Жекки даже удивилась тому, что он спрашивает. Ну, конечно, само собой, ей неимоверно, непередаваемо мало того нескромного любопытства, которое она вызывала на бале. Мало потому, что, в сущности, это нелепое торжество оказалось ей вовсе не нужным. Она с самого начала понимала, что своим успехом целиком обязана Грегу, что среди всех, кто видел ее, он один по-настоящему не был слеп, не говоря о том, что только он один был по-настоящему смел. Но ее это не удивляло, потому что она знала Серого, и ей не хотелось благодарить его.
Возможную признательность охлаждали неостывшие воспоминания о последней встрече с волком. К тому же, Жекки сильно смущало странное спокойствие, с которым Грег рассказывал о своих недавних житейских намерениях. А как же полнолуние? И как быть с их последней встречей в лесу? Может быть, он нарочно избегает напоминать о своей жестокости? Или, став человеком, действительно напрочь забыл обо всем, что с ним происходило в волчьем обличье? Может быть, наконец, он ждал случая заговорить с ней об этом, а пока всего лишь по своему обыкновению предавался мелкому подтруниванию? И хотя узнать истину не помешало бы, Жекки была слишком обескровлена тем настоящим разочарованием, которое терзало ее, чтобы пытаться сейчас разбираться в странностях Грега.

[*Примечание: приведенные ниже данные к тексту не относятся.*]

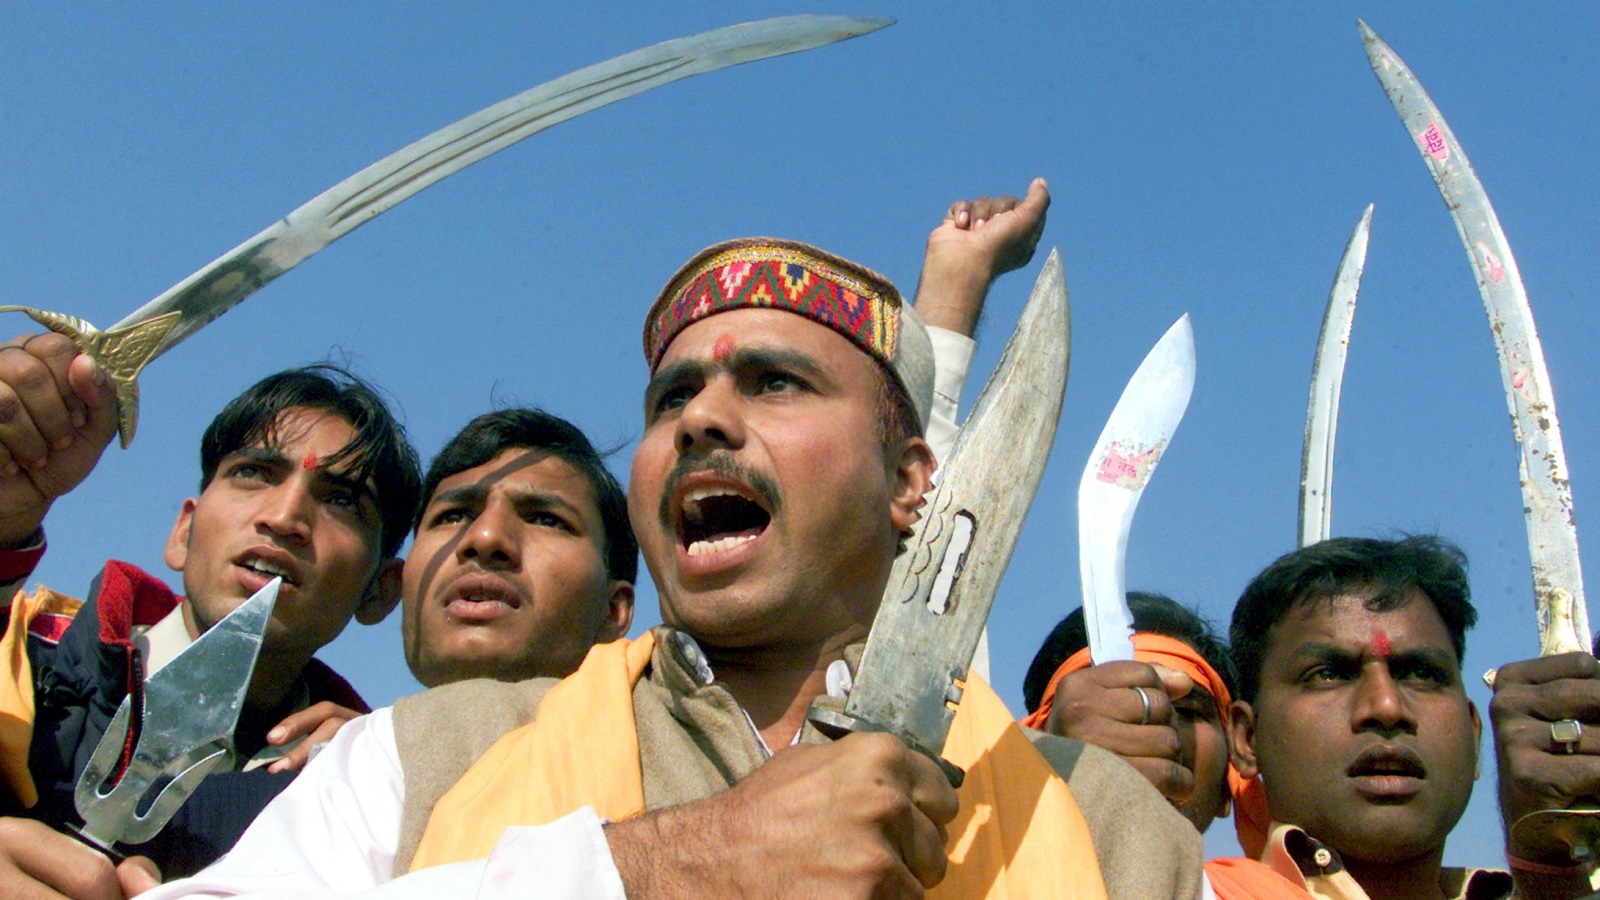 ‪الميليشيات الهندوسية المتطرفة تهدد التعايش‬ (رويترز)

Долгое время она не догадывалась, что вся ее кипучая радость, продолжавшаяся от вскрытия посылки до входа в бальную залу, на самом деле связывалась не столько с балом, сколько с ожиданием Аболешева. И как только эта радость, — пусть и вызванная самообманом, взлелеянная самовнушением, но от того не менее подлинная, — была уничтожена, вместе с ней исчезло все очарование торжества, все надежды на возвращение душевного покоя и, в конечном счете — все потаенные надежды на прежнюю жизнь. Появление Грега-Серого утешало, успокаивало, но уже не могло заменить исчезнувшей радости, потому что и сам Серый был уже не тот милый сокровенный друг, каким она его знала с детства. И возможно, именно поэтому Жекки так нуждалась теперь именно в Аболешеве, так требовательно искала среди множества лиц его потускневшие аквамариновые глаза, так стремилась именно сейчас вернуть его утраченную близость. Без него, как оказалось, радости для нее не существовало уже ни в чем и ни с кем.

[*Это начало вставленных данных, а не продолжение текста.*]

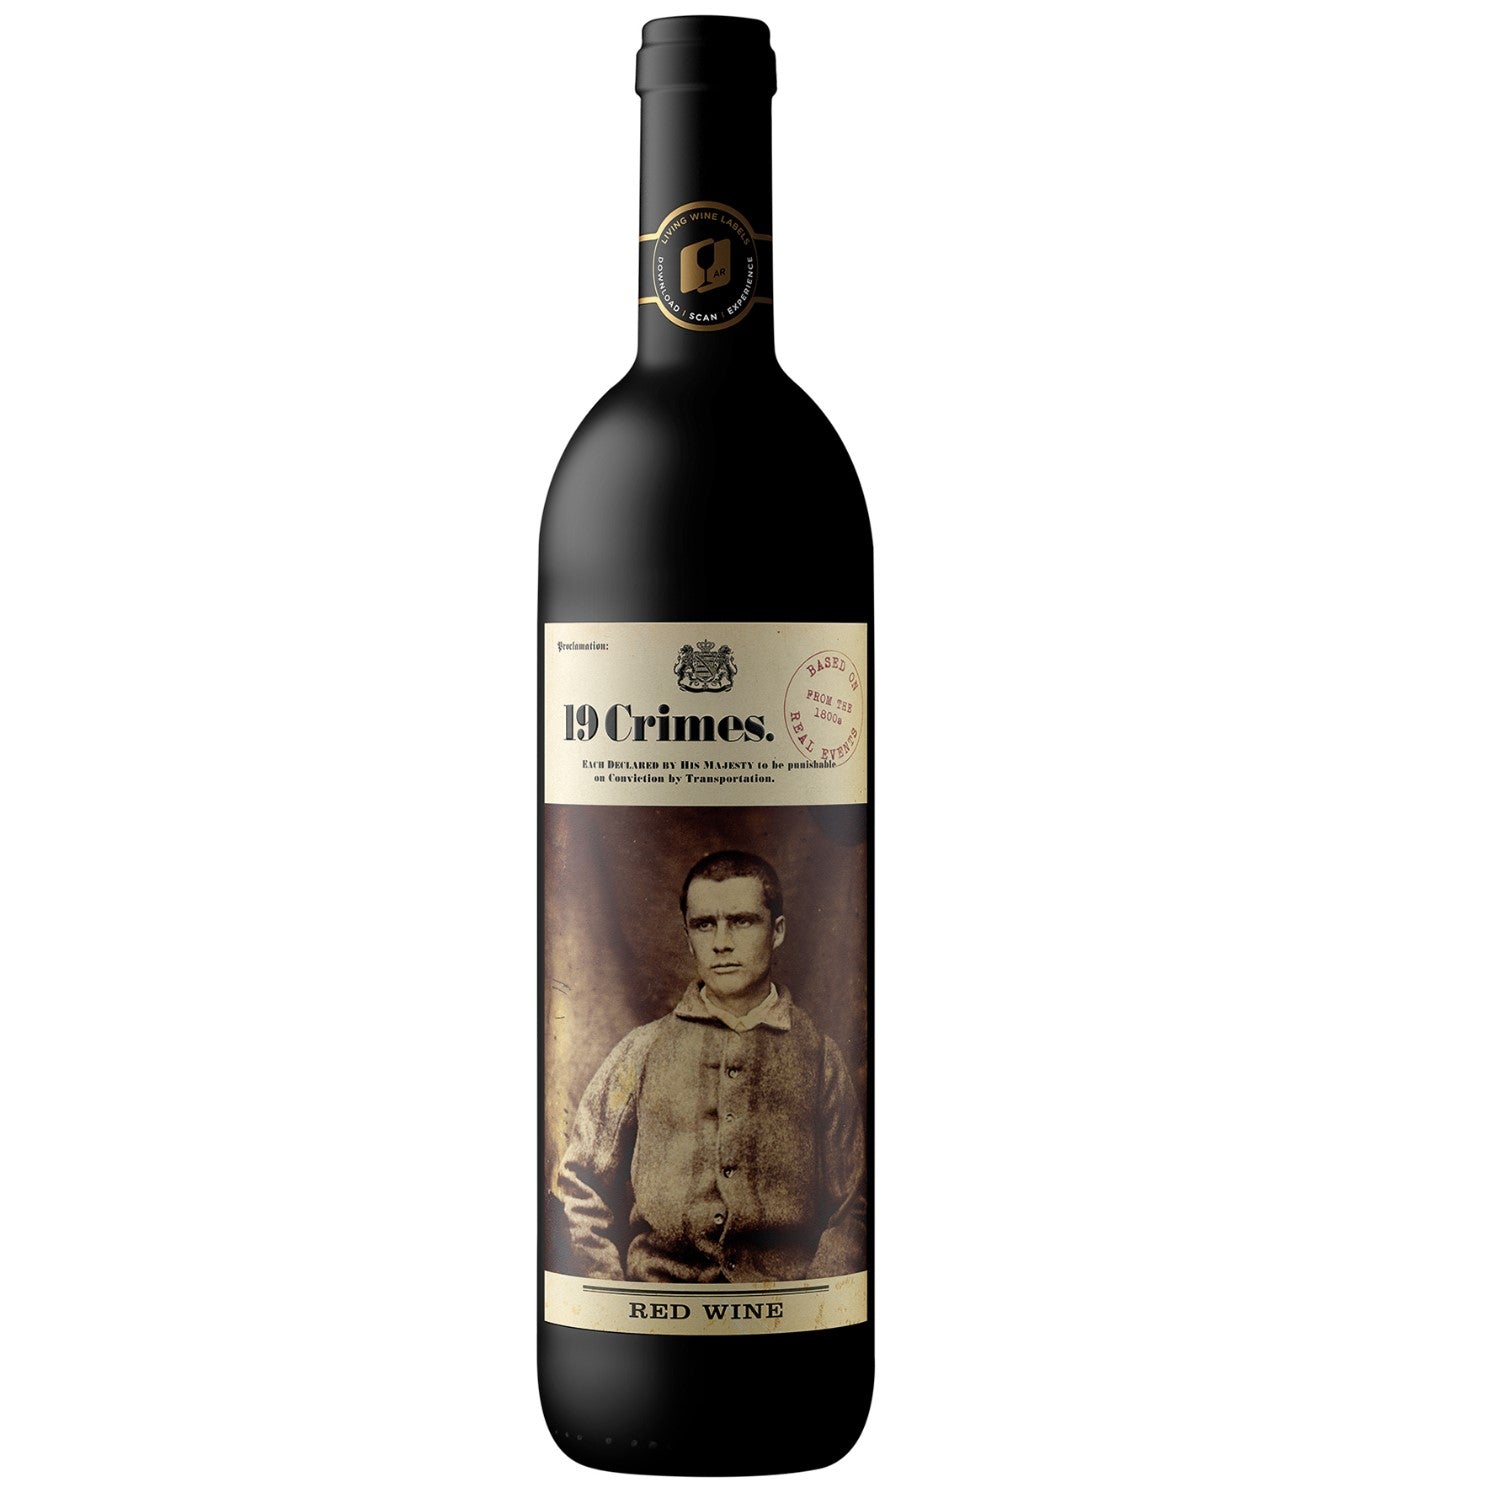 19 Crimes Red Blend Cabernet Sauvignon Merlot Shiraz Rotwein Wein Trocken Australien (12 x 0.75l) - Versanel - Wein

— Мало, — словно бы повторила Жекки вслед за Грегом, прервав продолжительную задумчивость.
— Я должен был догадаться. — В глазах Грега вспыхнул и быстро погас тяжелый, знакомый блеск, по губам пробежала холодная усмешка, коротко вздернув тонкую щетину усов. — Правда, от завышенных ожиданий всегда мало толка. И вы, дорогая моя, теперь всего-навсего пожинаете их плоды.
Жекки нечего было возразить. «А может, он обманывал меня, когда говорил, что собирался уехать, что забыл о своем заказе и прочее, а на самом деле все время помнил и хотел только одного — нежданным подарком загладить вину, не забывая о ней ни на минуту? Да еще наверняка и ждал немалой награды за эту участливость».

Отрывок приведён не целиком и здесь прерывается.